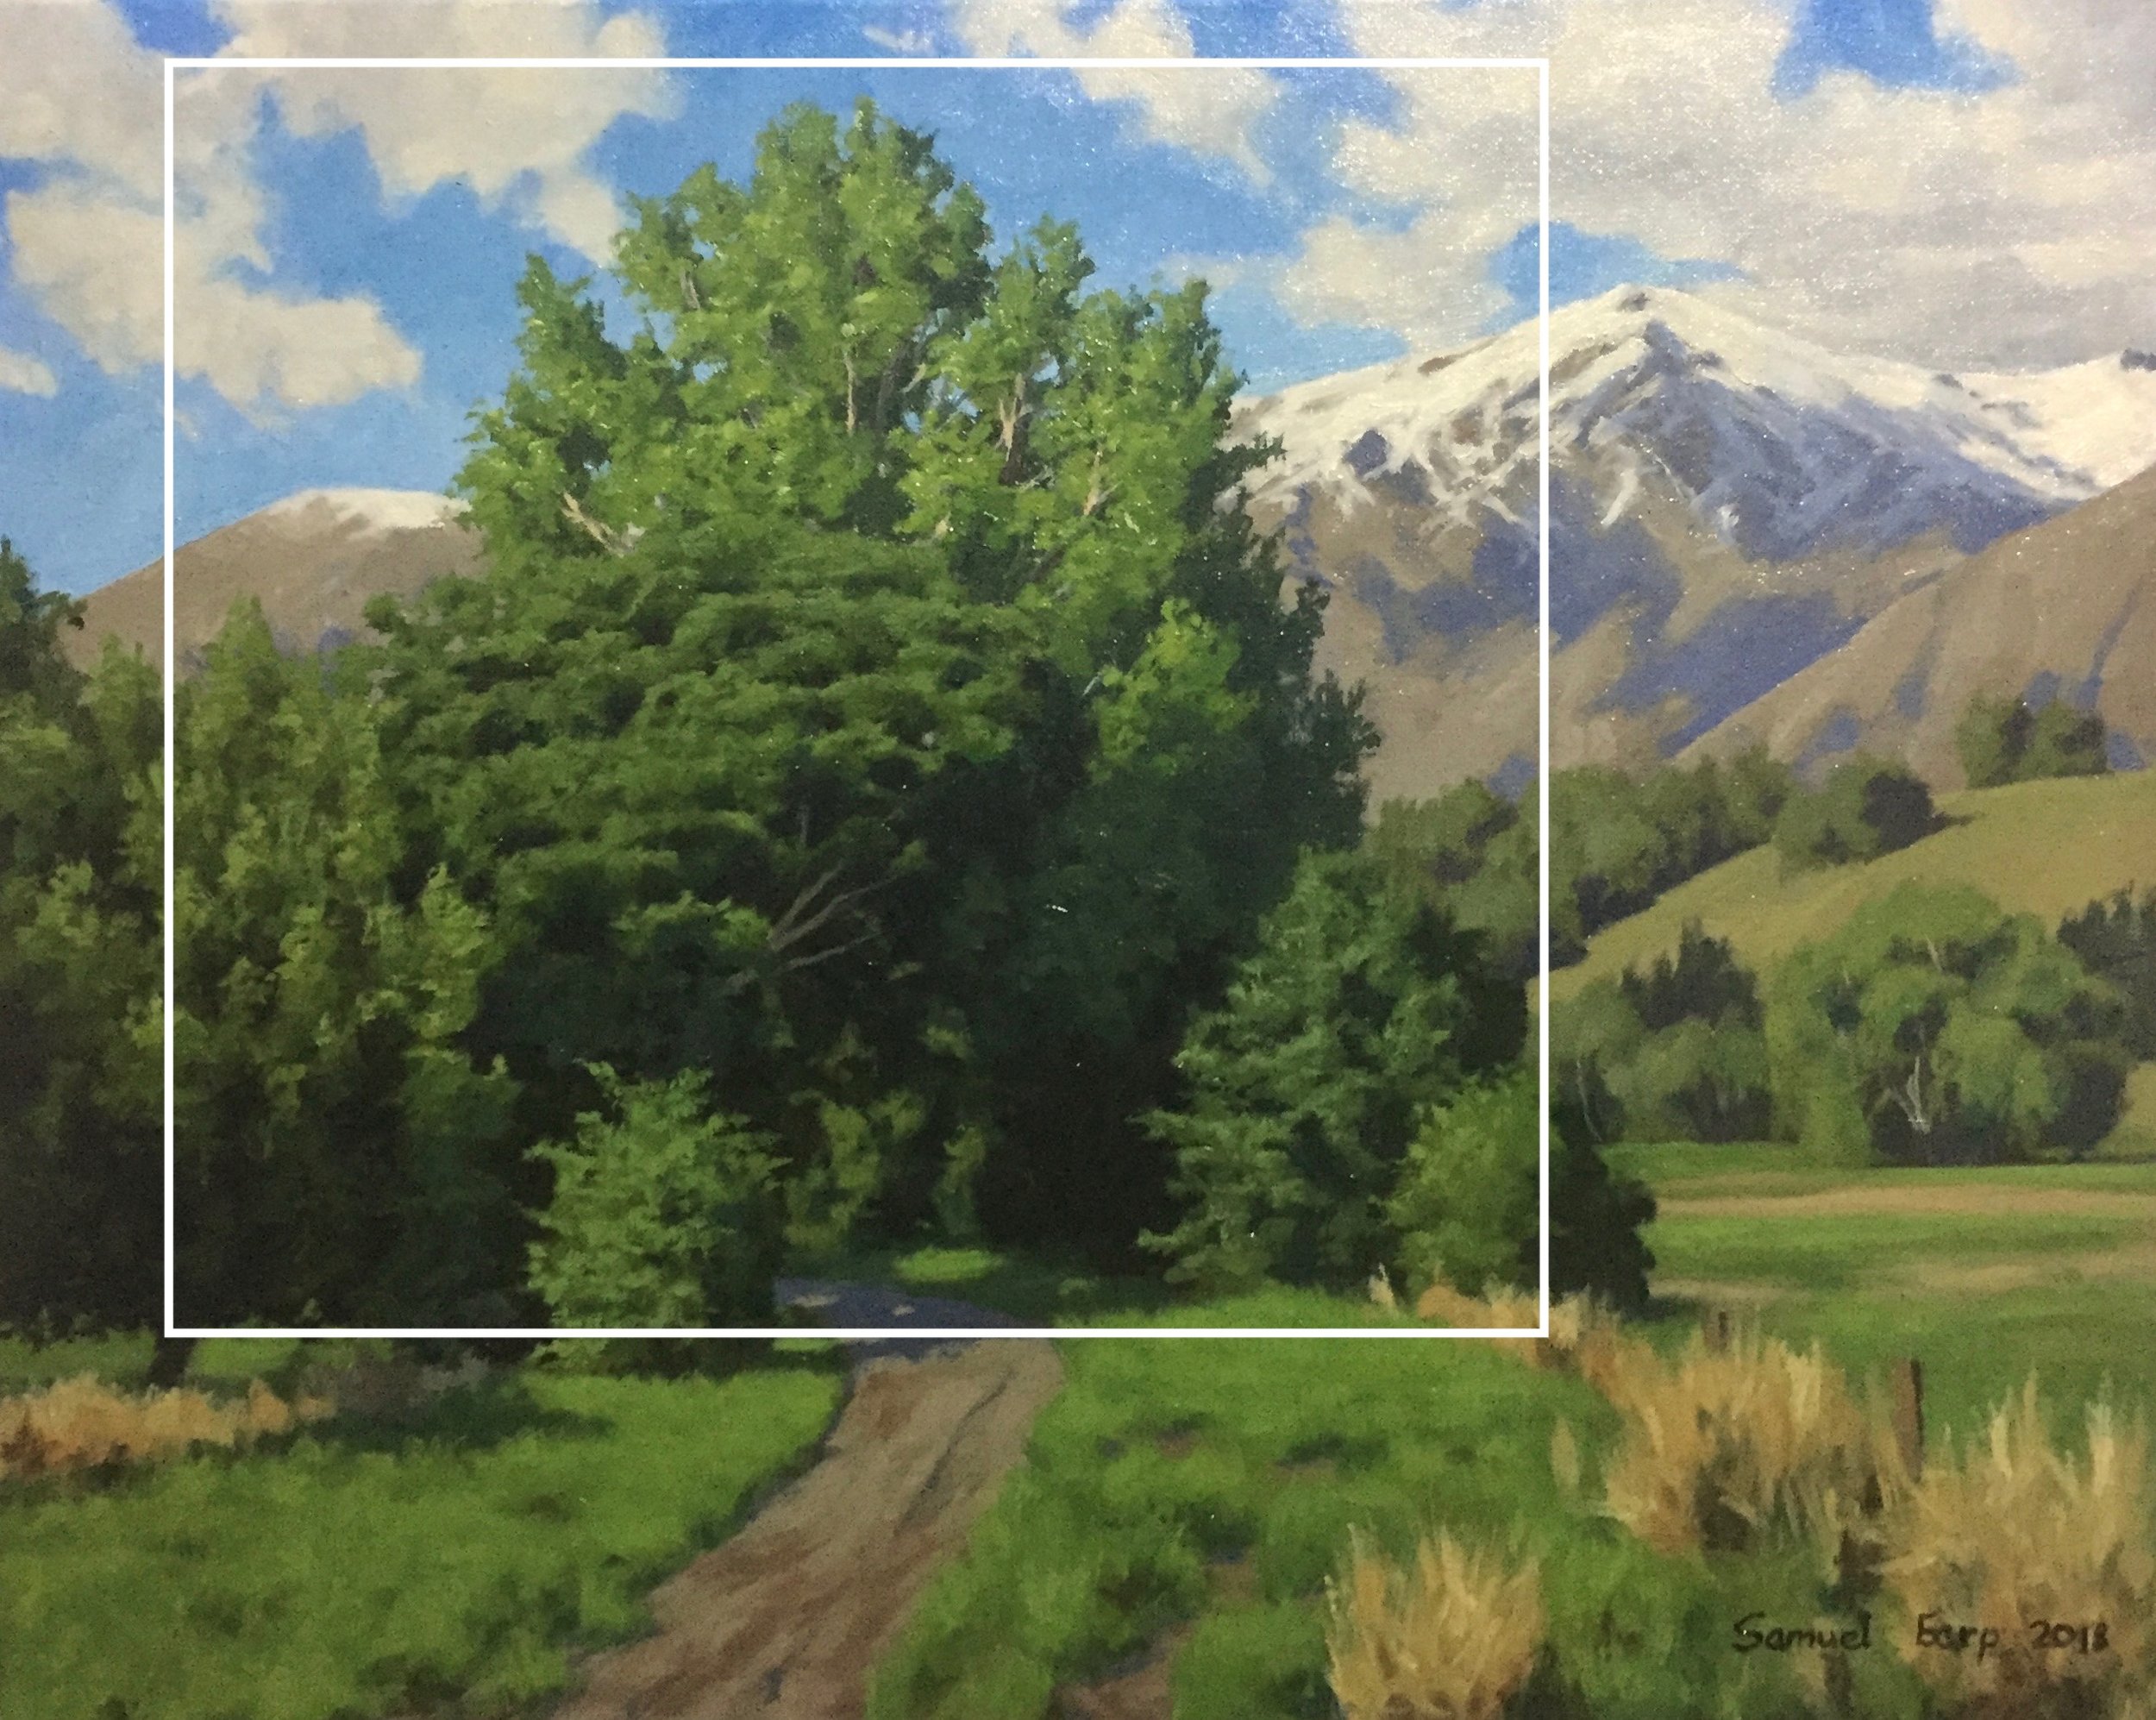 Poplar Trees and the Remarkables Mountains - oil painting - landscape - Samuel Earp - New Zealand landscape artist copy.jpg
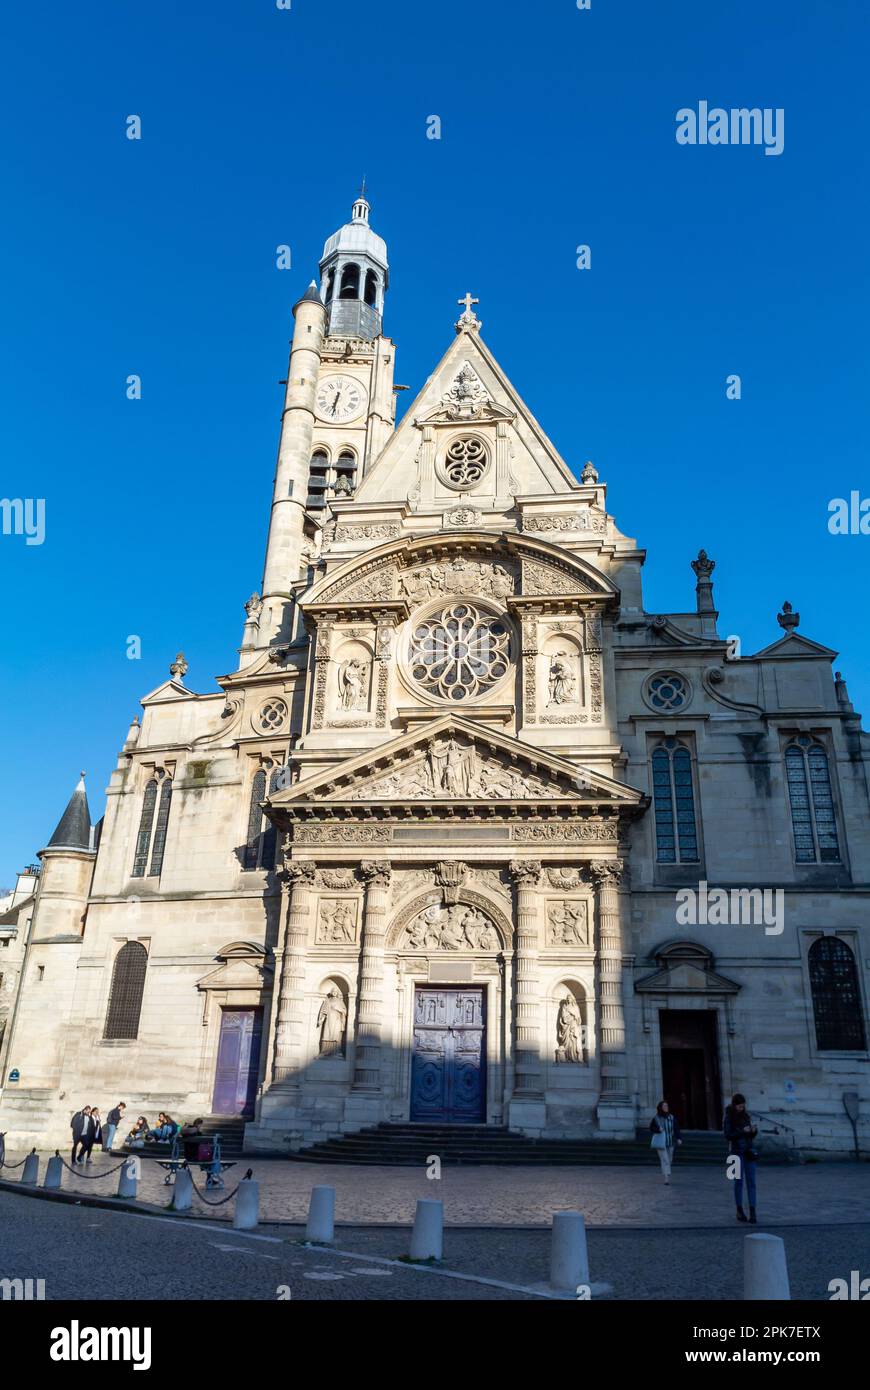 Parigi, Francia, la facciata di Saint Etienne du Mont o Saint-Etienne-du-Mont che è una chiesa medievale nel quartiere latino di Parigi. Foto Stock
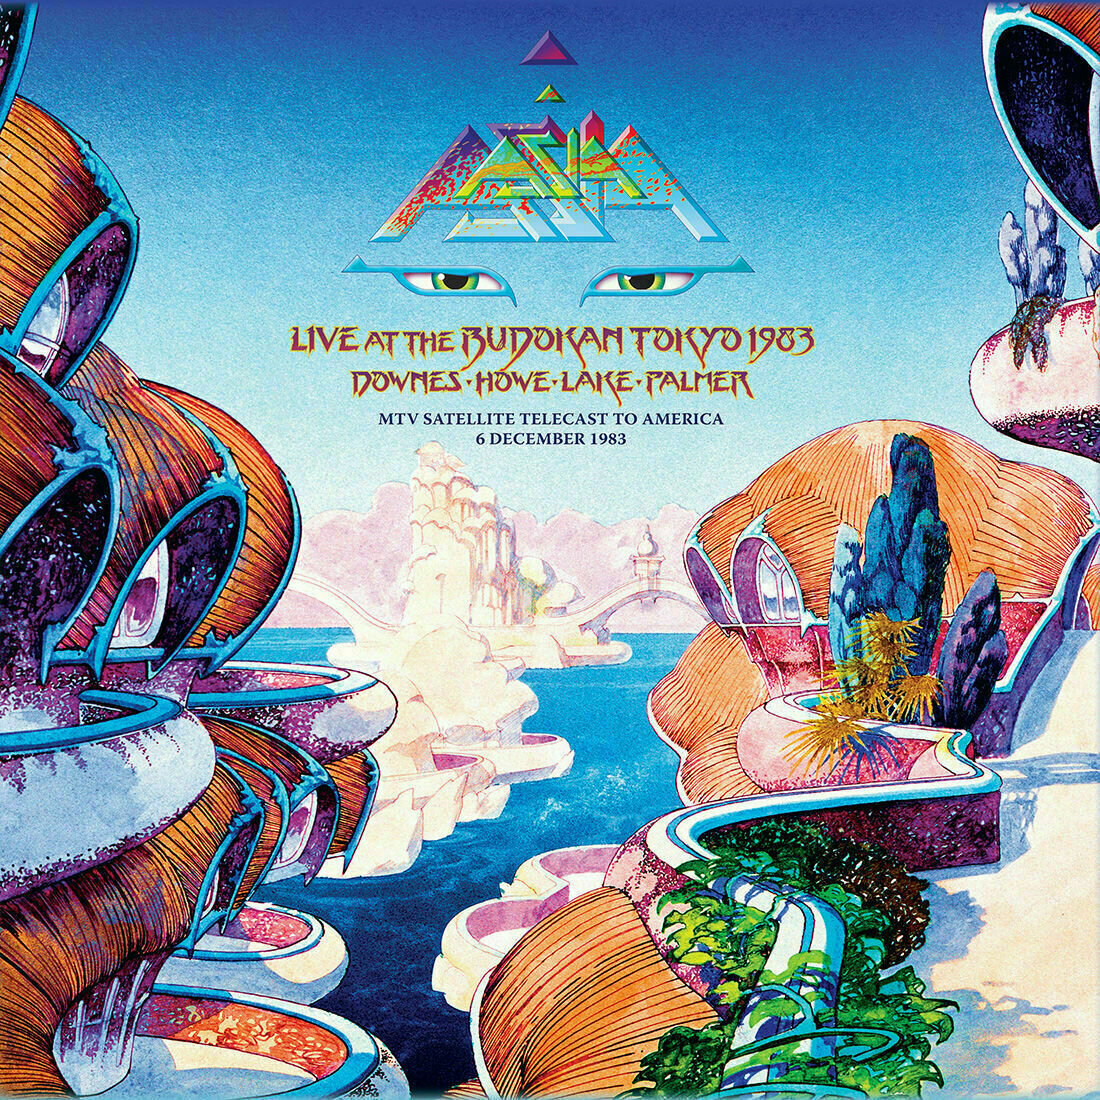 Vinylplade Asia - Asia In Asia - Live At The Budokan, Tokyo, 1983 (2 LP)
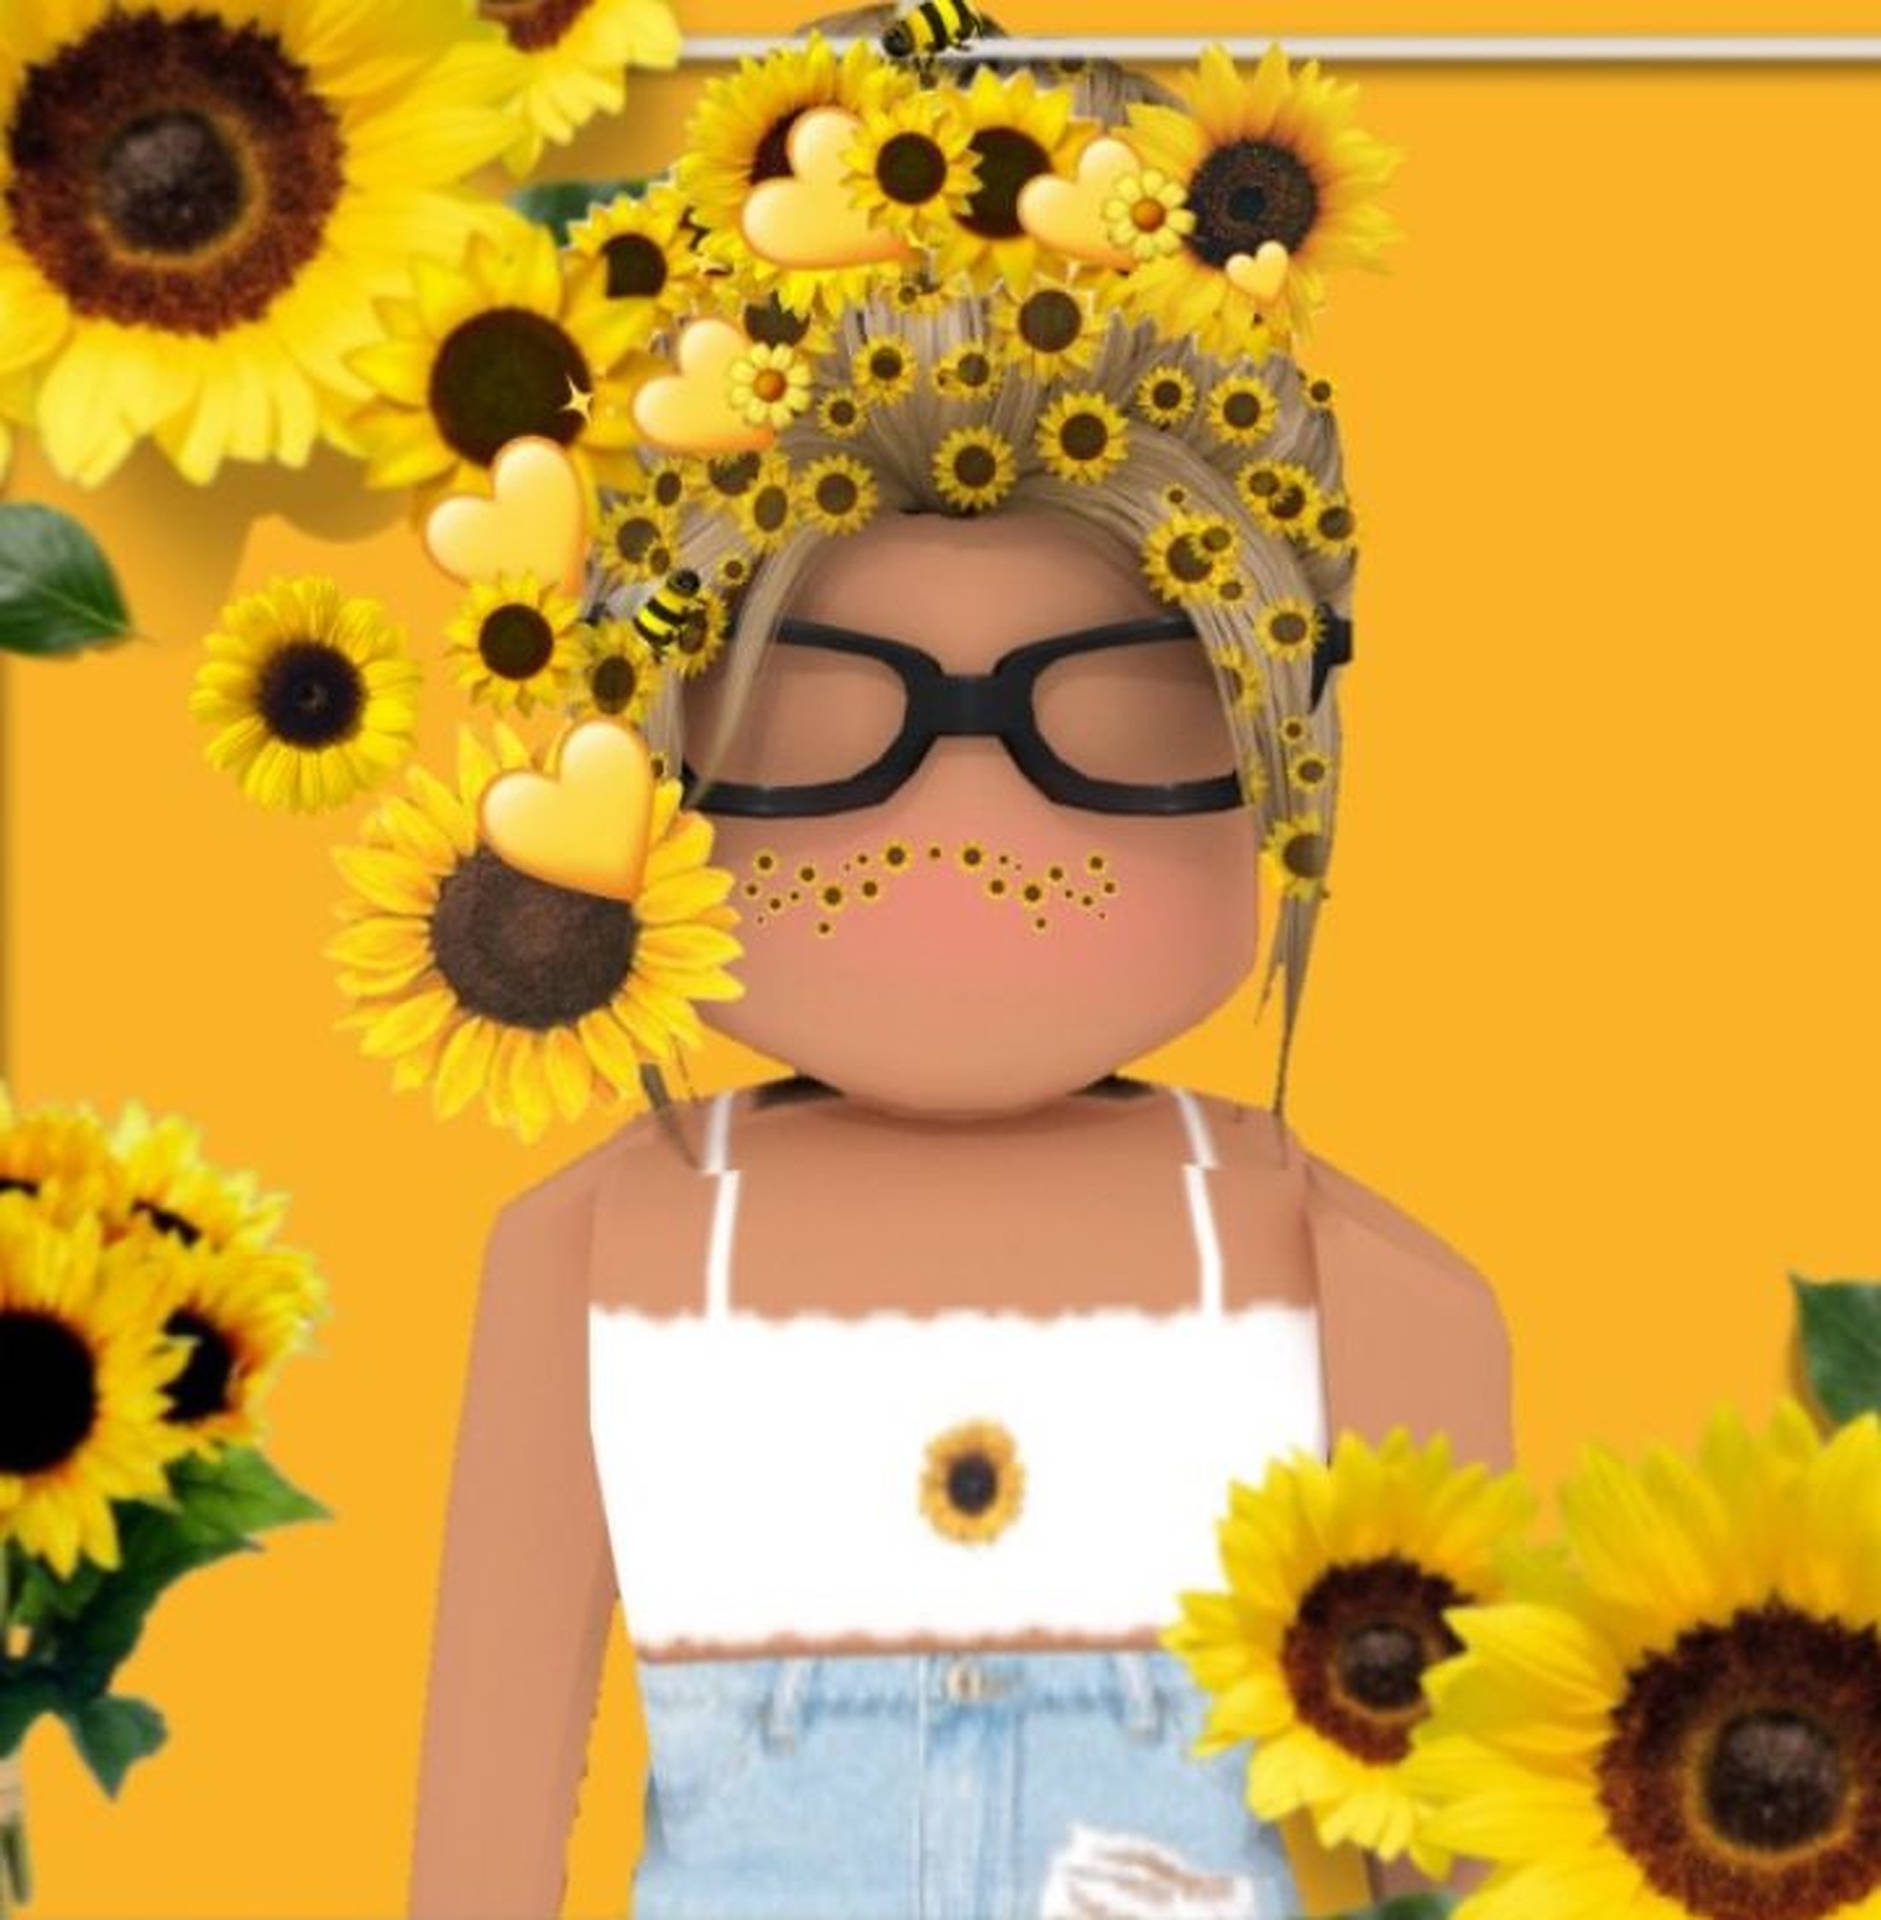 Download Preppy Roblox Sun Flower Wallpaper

### Work order
Reproduce nothing but the lines from the line containing "Vinylplade Asia - Asia" through the last line of the data above, exactly as written and without pictures.

### Result below
 Vinylplade Asia - Asia In Asia - Live At The Budokan, Tokyo, 1983 (2 LP)
 Download Preppy Roblox Sun Flower Wallpaper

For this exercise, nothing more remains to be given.